Last year, Libya said it had generated revenues of more than $21.5bn from its oil and gas exports, which marked its highest figure in five years.

“There are several question marks around offshore drilling in Libya’s offshore zone. Barring the Tripolitanian Basin, which has two offshore projects, the other parts of the sea are under-appraised and untapped,” says Viktor Katona, lead crude analyst at data and analytics firm Kpler.

“So the idea that another Zohr is waiting there at the bottom of Libya’s territorial waters is by no means a guarantee and much of the rhetoric spinning the exploration drive of ENI/BP is very premature. Second, even if there is anything in there, most probably it’s going to be natural gas and most probably it would end up in Italy, a country that really is seeking to diversify its sources of gas, with it having no nuclear recourse option,” says Katona.

Infrastructure to export?

In October, local Libyan reports said the North African country was also considering building a new pipeline parallel to the Greenstream, which runs from Western Libya to the Italian island of Sicily.

The reports quoted oil and gas minister Mohammed Aoun saying it could take between four to six months to complete the pipeline. This target had also been deemed unrealistic by critics, even though it raised hopes that Libya could benefit from Europe’s growing need for gas in the winter.

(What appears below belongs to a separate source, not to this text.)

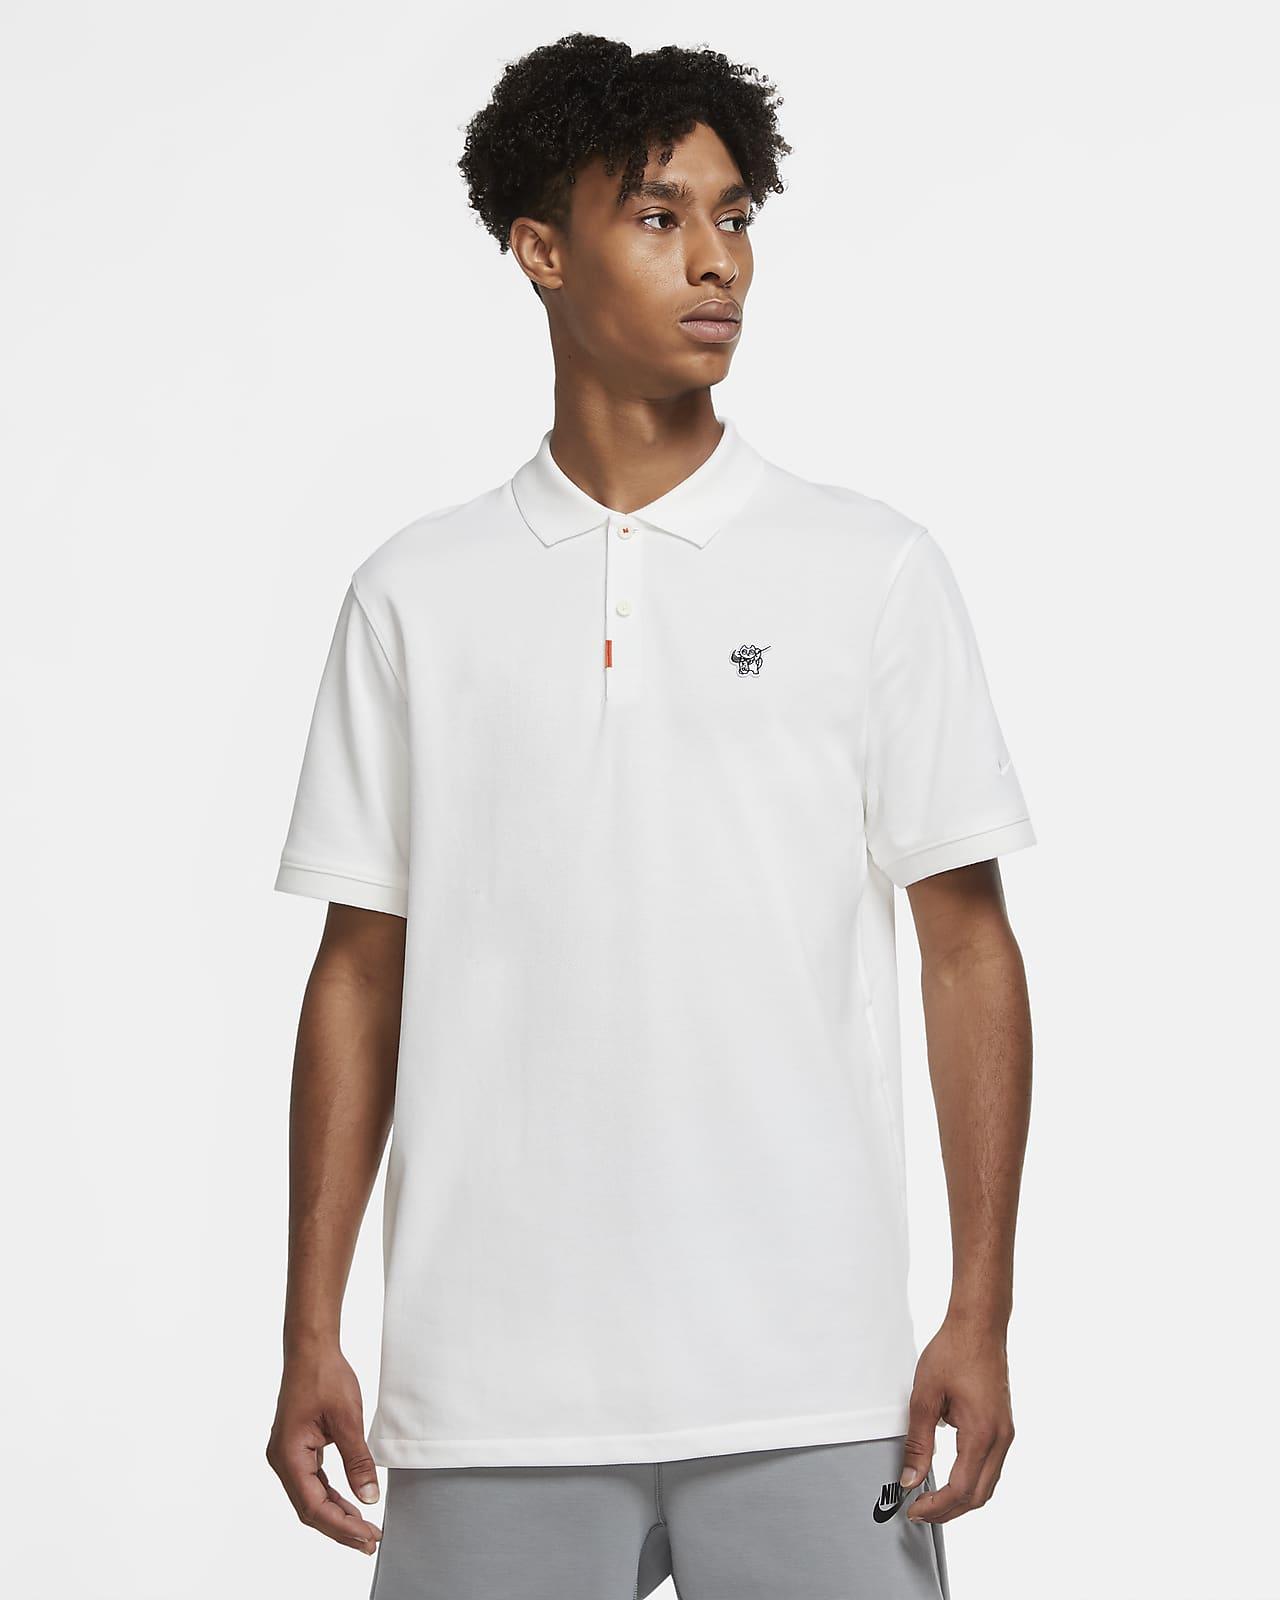 Polo coupe slim The Nike Polo Naomi Osaka mixte

  • In 2020, Libya’s natural gas exports amounted to 4.87bn cubic metres, according to data provider Statista. That’s far behind the continent’s top exporter Algeria, which exported about 40bn cubic metres in the same year.
  • Earlier this year, Algeria signed a deal with Italy to increase its gas supply to the European country by around 40%.

“Libya’s production is very hard to increase in the current political context, which is not conducive to foreign investment,” says Fabiani.

“In the short run, Libya is more likely to focus on maintaining existing oil and gas production levels, rather than rapidly ramping up output and exports.”